A good problem description is crucial for user understanding and should clearly include the following sections:

  • Problem Statement:
    • Clearly and succinctly state what the user is required to solve. Avoid ambiguity.
  • Examples:
    • Provide at least one, preferably two, clear input/output examples.
    • Include a brief explanation for each example showing how the output is derived from the input.
    • Format examples consistently for readability.
  • Constraints:
    • List all relevant constraints (e.g., input size, value ranges for numbers, character sets for strings, time/space complexity hints if applicable).
    • This helps users understand the scale of the problem and potential edge cases.
  • Edge Cases (Optional but Recommended):
    • Briefly mention any common or particularly tricky edge cases that users should consider (e.g., empty arrays, single-element inputs, inputs with all same values).
  • Language:
    • Use simple, direct language. Avoid jargon and overly complex sentences.

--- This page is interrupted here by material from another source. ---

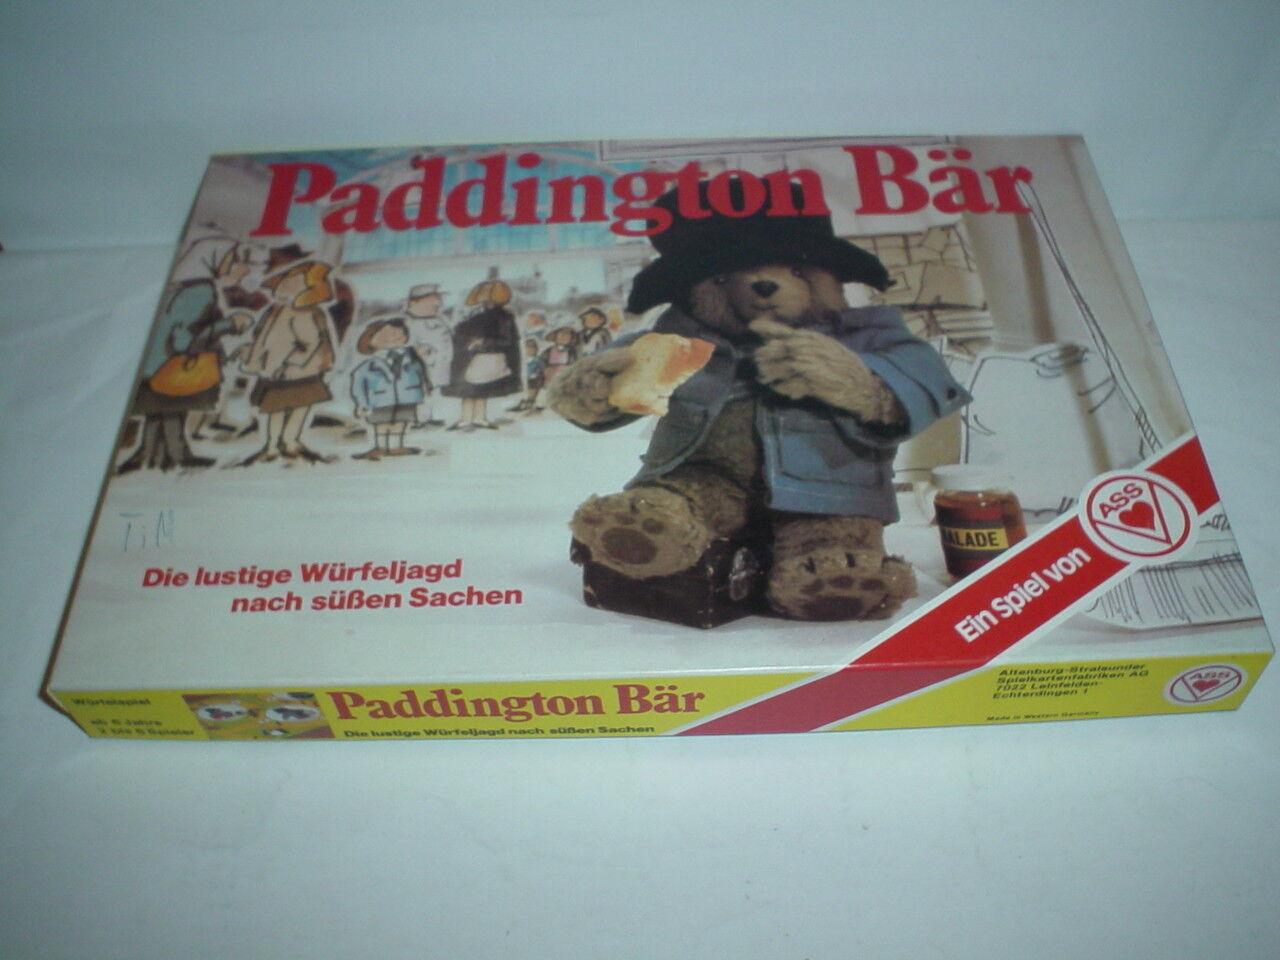 Paddington Bär - Die lustige Würfeljagd nach süßen Sachen - von ASS

3. Markdown Template Example

Use the following markdown structure for clarity and consistency:

## Problem Statement

Given an array of integers `nums` and an integer `target`, return *indices of the two numbers such that they add up to `target`*.

You may assume that each input would have **exactly one solution**, and you may **not** use the same element twice.

You can return the answer in any order.

## Examples

**Example 1:**

-   **Input:** `nums = [2,7,11,15]`, `target = 9`
-   **Output:** `[0,1]`
-   **Explanation:** Because `nums[0] + nums[1] == 9`, we return `[0, 1]`.

**Example 2:**

-   **Input:** `nums = [3,2,4]`, `target = 6`
-   **Output:** `[1,2]`
-   **Explanation:** `nums[1] + nums[2] == 6`.

## Constraints

-   `2 <= nums.length <= 10^4`
-   `-10^9 <= nums[i] <= 10^9`
-   `-10^9 <= target <= 10^9`
-   Only one valid answer exists.

## Edge Cases (Considerations)

-   What if the array is at its minimum allowed length (e.g., 2 elements)?
-   Input numbers can be negative.

4. Best Practices

  • Be as specific as possible in the problem statement.
  • Use consistent formatting for examples and constraints.
  • Explain examples clearly, especially if the logic is not obvious.
  • Anticipate and mention edge cases to guide users.

5. Common Mistakes

  • Leaving out constraints or edge cases.
  • Using vague or ambiguous language.
  • Providing examples without explanations.
  • Making the description too long or too short.

By following these guidelines, you will help users understand the problem quickly and avoid common sources of confusion.